We determined SNPs with evidence of genotyping errors by analysis of genotype discordance between technical replicate samples. We masked out subtelomeric regions and three internal chromosome regions (13 SERA family genes on chromosome 4, 11 msp3 family genes on chromosome 10 and 11 msp7 family genes on chromosome 12) which had lower mapping quality, higher levels of missingness, greater SNP density and greater levels of genotype discordance between technical replicates. We also filtered out SNPs in the unmasked regions that had extreme values of the annotation metrics described in the previous paragraph. Thresholds for extreme levels of these metrics were determined using rates of technical replicate discordance.
Read mapping and coverage
Reads mapping to the human reference genome were removed before all analyses, and the remaining reads were mapped to the P. vivax Sal1 reference genome11 using bwa46 version 0.5.9-r16 with default parameters. Standard alignment metrics were generated for each sample using the bamcheck utility from samtools47.

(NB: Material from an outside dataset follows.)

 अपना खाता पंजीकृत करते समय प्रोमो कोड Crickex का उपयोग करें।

The Picard version 1.110 tools CleanSam, FixMateInformation and MarkDuplicates were successively applied to the bam files of each sample. GATK version 3.1-1 indel realignment48 was applied using default parameters and no list of known indels. The output of this stage was a set of 292 “improved” bam files, one for each sample.
We ran GATK’s CallableLoci49 on each improved sample bam file to determine the proportion of genomic positions callable in each sample using parameters --minDepth 5 --minBaseQuality 27 --minMappingQuality 27. This identifies a site as callable if there are ≥5 reads with base and mapping quality of ≥27 and if ≤10% of reads have mapping quality 0.

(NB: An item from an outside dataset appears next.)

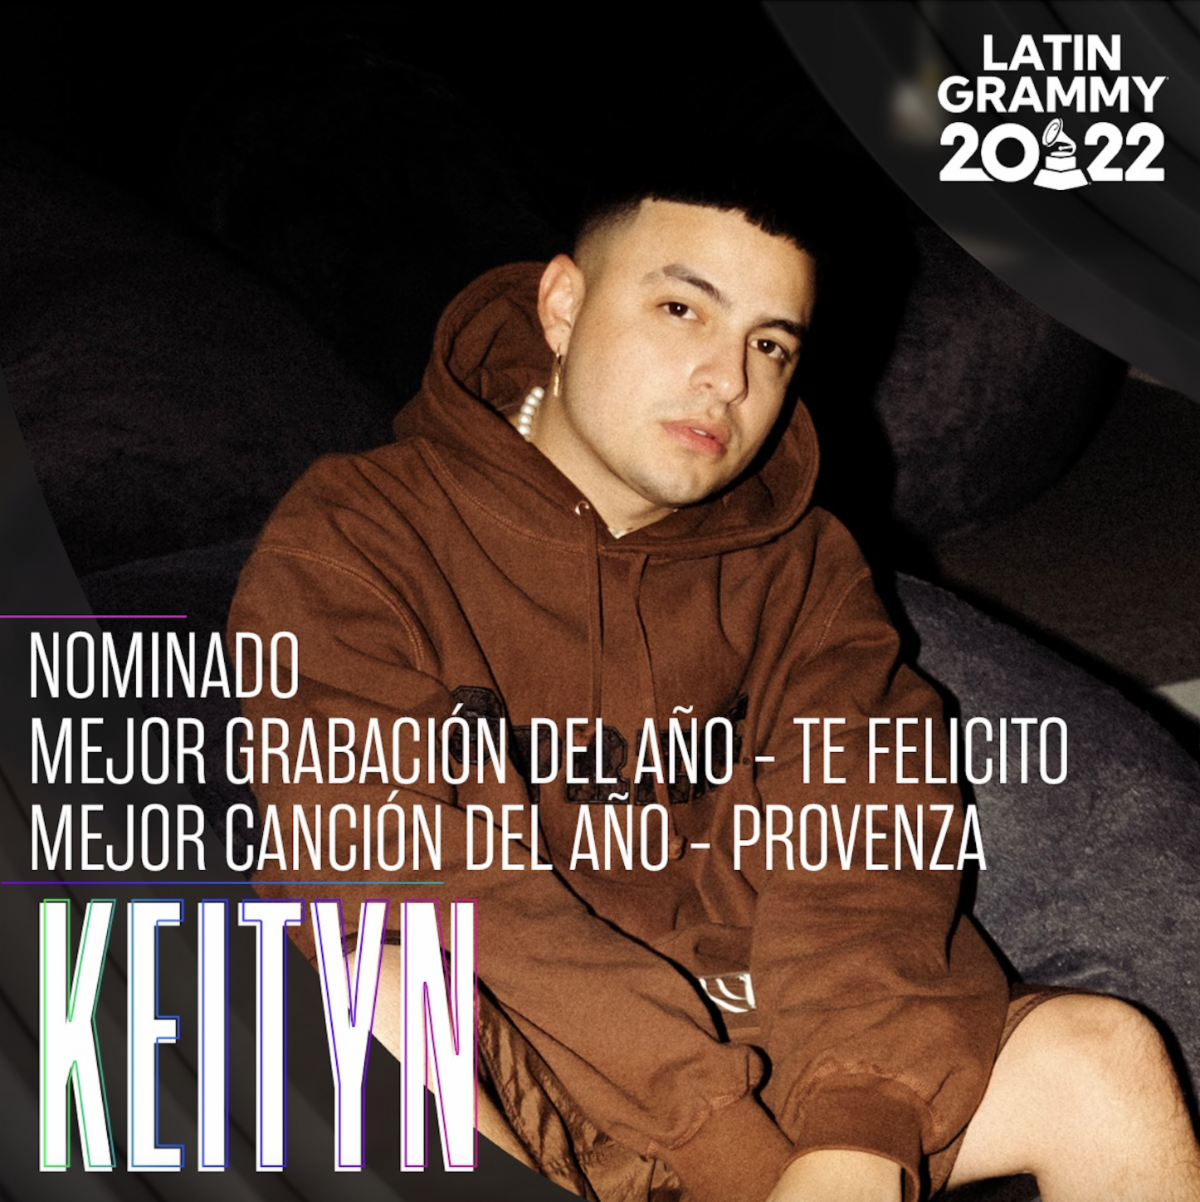 Keityn el artista, productor y compositor es nominado al Latín Grammy con “Te Felicito” y “Provenza”

The P. vivax Sal1 reference genome11 consists of 14 large chromosomal sequences ranging in size from 0.76-3.12 Mbp, and 2,733 shorter contigs ranging in size from 200-101,928 bases. It is assumed that these shorter contigs are sequences from the subtelomeric ends of the autosomal chromosomes. In all subsequent analyses, we have analysed only those reads that mapped to the 14 large chromosomal sequences, which are named Pv_Sal1_chr01 - Pv_Sal1_chr14.
A total of 247 samples were identified as having at least 50% of Pv_Sal1_chr01 - Pv_Sal1_chr14 positions whose genotypes could be reliably called. After trimming the dataset to remove instances of multiple samples from the same individual, we were left with 228 samples for further analysis (Supplementary Table 1).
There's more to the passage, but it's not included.